2.14.2007

...as I try to figure out where I'm going with this Siena poem, I keep thinking of the fact that most of the famous long poems - whether verse dramas or narratives - are stories (or groups of stories). & since Don Quixote at least, poetry has faced a big rival in the novel.

Long narrative poems continued to be written through the 19th century. Thomas Hardy was maybe the last of that line, with his King Arthur verse novels (though there have always been a few verse epics & novels here & there - Archibald MacLeish wrote one, I think; Stephen Vincent Benet...). Frost wrote little verse short stories, and others imitated him.

In an essay over yonder I wrote about the theories of some of the Chicago Critics - in which they offer a sense of "form and content" almost diametrically opposed to the received 20th-cent. notions. With them, the verbal surface (the diction, style, figuration, verbal texture etc.) is, paradoxically, the content (the material out of which the poem is made). A poem's form is the complex intellectual-emotive gesture or shape which emerges from the combination of theme (argument) and plot. In this sense, an achieved poem's form is unique and inimitable.

What I'm thinking (tentatively) of doing with this Siena obsession is constructing a sort of altarpiece. Sienese pre-Renaissance art is well-known for multiple narrative perspectives. They will have a set of small pictures showing vignettes from a saint's life - or even cartoon-like action sequences, showing different stages in a single dramatic event. These little pictures will surround the large group image (Madonna & Child often involved); then there will be another whole set of images on the reverse side of the altar.

So the idea is to present a mosaic of lots of different small insights or perspectives, leading toward a larger, enfolding set of themes or design. What that design is I am not at liberty to expatiate on at this time.

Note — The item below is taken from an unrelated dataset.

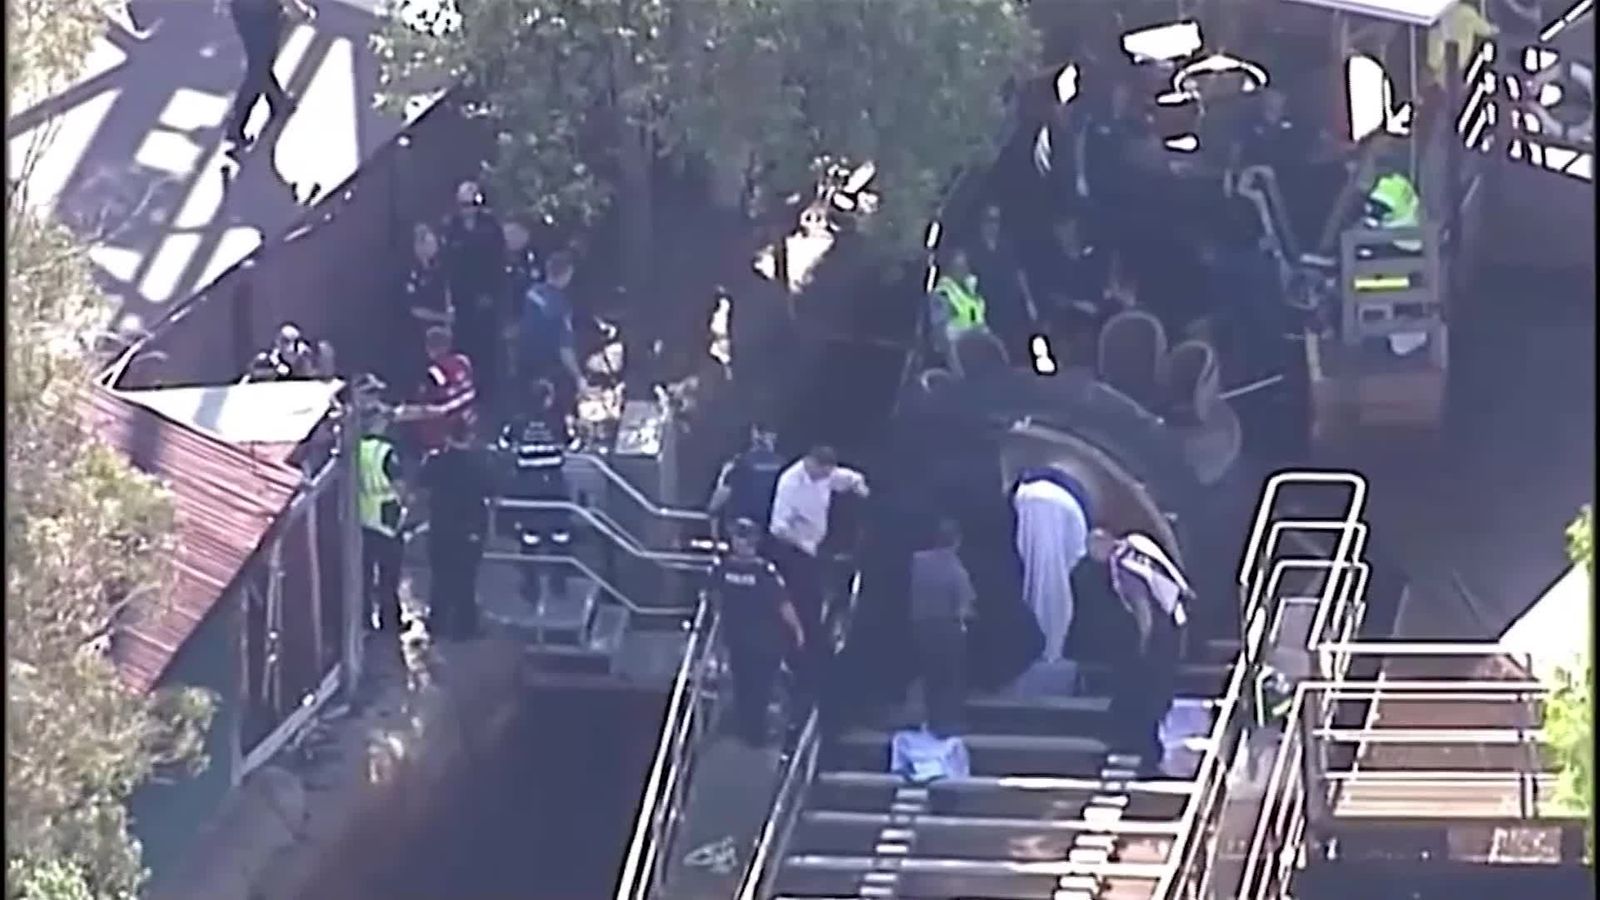 Neljä kuoli Australiassa huvipuistoturmassa laitteessa, jonka kaltainen  löytyy Linnanmäeltäkin – puistolle miljoonien sakot turvallisuusohjeiden  laiminlyönnistä

The difficulty here is that this kind of long poem seems to lack narrative drive. Or it takes a heck of a long time to get the momentum going in that direction. This is an example of a problem with current poetry generally. It's like an art form which has had its top layer taken off (& shunted over to fiction). What poetry is left with is primarily anecdotes. Diaristic, essayistic responses to actual events in the real world. The similarity between much contemporary poetry and private journal-keeping - or journalism per se - is perhaps something poets tend to avoid thinking about. What myth-making and fiction used to do, was establish an imaginary surround - within which the elaborate thematic and allusive powers of the poet could flourish & play. I don't want to suggest that contemporary poets lack the wit and imagination to re-work the real world in very playful and effective ways... in fact, the opposite may be the case. Necessity is the mammy of invention : in the desert of the (un-fictional) real, poets have to play even harder.

What "Siena" might do for me (I fervently hope) is offer sort of a parallel, indirect version of that "imaginary surround" which a straightforward narrative plot provides for fiction.